Denny Hamlin and Kyle Larson Phone Calls Illustrate How Much Drivers Fear NASCAR’s Iron Fist
If Denny Hamlin and Kyle Larson had checked their calendars, they would have realized it was Austin Dillon’s week to take the hit. But such is the level of paranoia among competitors that even NASCAR executives bearing good news are eyed with dread and suspicion.
Of course, it didn’t help that the two Cup Series stars have had their recent brushes with the long arm of the NASCAR law recently.
Kyle Larson escaped the Ryan Preece episode without punishment
Denny Hamlin is still smarting from the penalties assessed after he admitted rubbing Ross Chastain into the wall at Phoenix, a race that feels like it was ages ago. Hamlin lost his appeal, which left him out $50,000 and 25 championship points.

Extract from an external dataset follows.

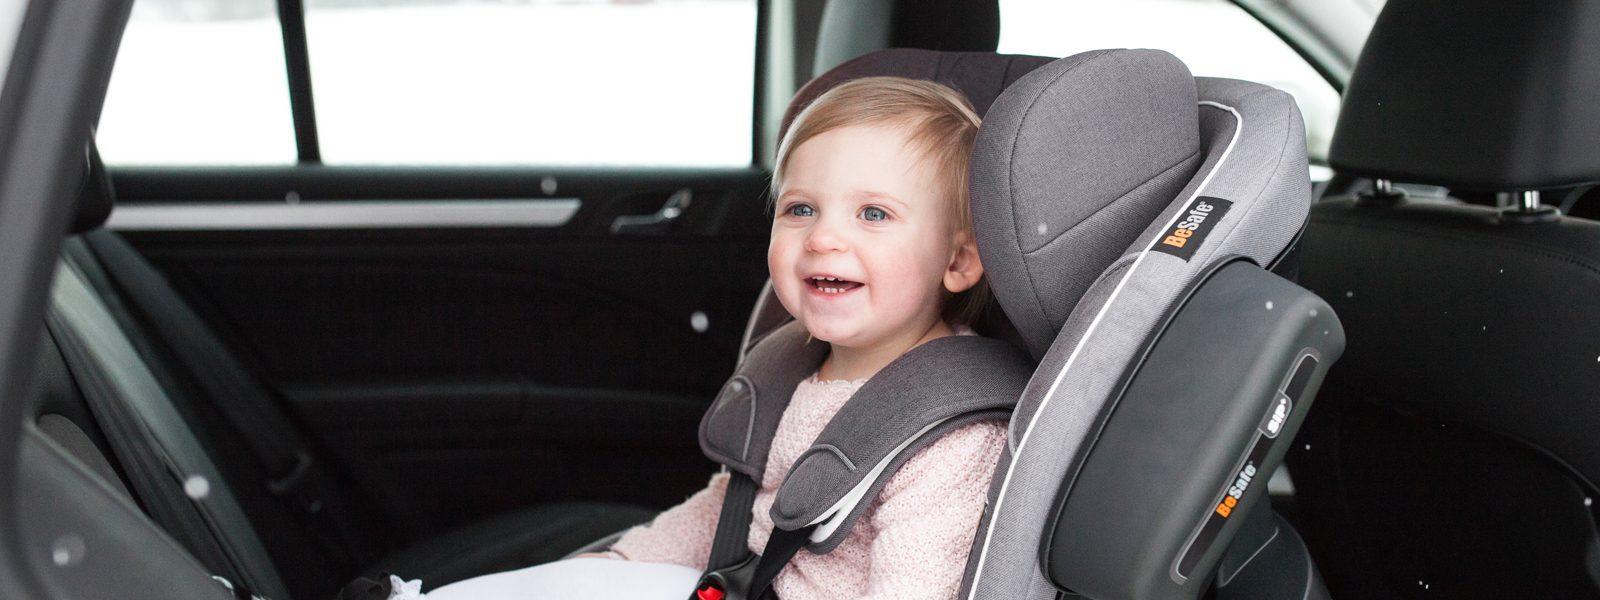 winter jackets car seats correct

Kyle Larson’s No. 5 Chevy was one of the four Hendrick Motorsports cars penalized for modifications to hood louvers. Though fines and suspensions stood, all the cars got the 100 championship and 10 playoff points restored upon appeal. NASCAR then turned around and impounded the cars of two of Larson’s teammates for inspection at the R&D center, landing the Alex Bowman and William Byron teams new penalties.
More recently, Larson and Ryan Preece of Stewart-Haas Racing went jousting at the Bristol dirt race. Nothing came of that in the immediate aftermath, but Larson apparently had lingering concerns he might be hearing from NASCAR.
That takes us to last weekend at Martinsville, where NASCAR impounded the No. 3 Chevy of Austin Dillon for additional inspection and turned up issues. NASCAR cited a violation of the rules regarding underwing assembly mounting and stay assembly hardware.
Consequently, the team lost 60 driver and owner championship points plus five playoff points. Crew chief Keith Rodden;s punishment was a two-race suspension and $75,000 fine.
Denny Hamlin and Kyle Larson heard from NASCAR executives recently
Aside from the incidents mentioned above, several other drivers and teams have felt NASCAR’s wrath this season, whether instances of impounded cars or punishment for Daniel Suarez over bad behavior at COTA.
It’s understandable, then, that drivers are no more eager to get a phone call from NASCAR than we are to get a letter from the IRS. Denny Hamlin and Kyle Larson each got the associated queasy feeling in recent days when their phones rang.
Hamlin’s phone call came from Jim France, the CEO and chairman of NASCAR.
“My first thought was, ‘Oh, s***. Here we go again.’ PTSD, for sure,” Hamlin said, according to racing reporter Kelly Crandall.
France’s reason for calling was harmless, Hamlin would soon learn. He was calling to tell the Joe Gibbs Racing veteran he made the cut as one of NASCAR’s 75 greatest drivers. That’s in conjunction with the Cup Series’ 75th season celebration.
“It was a good phone call,” Hamlin said. “It was very good to hear.”
Larson’s phone call was potentially more ominous since Mike Helton is the vice chairman and chief operating officer, which puts him closer to the day-to-day operations – including disciplinary matters. Thus, Larson instantly flashed back to the incident with Ryan Preece.
“I’m like, ‘S***. It’s Thursday, are you guys going to suspend me this late in the week?'” Larson told Crandall.
Never fear. It was another notification about the greatest drivers list.
NASCAR will honor the drivers at Darlington
NASCAR picked its 50 greatest drivers in 1998 as part of the 50th-anniversary celebration. The organization began naming the 25 additions one at a time this month, and are being honored at Darlington in May.
Aside from Hamlin and Larson, the new picks thus far are Greg Biffle, Chase Elliott, Kasey Kahne, Randy LaJoie, Sterling Marlin, Ryan Newman, and Hall of Fame inductees Mike Stefanik and Tony Stewart.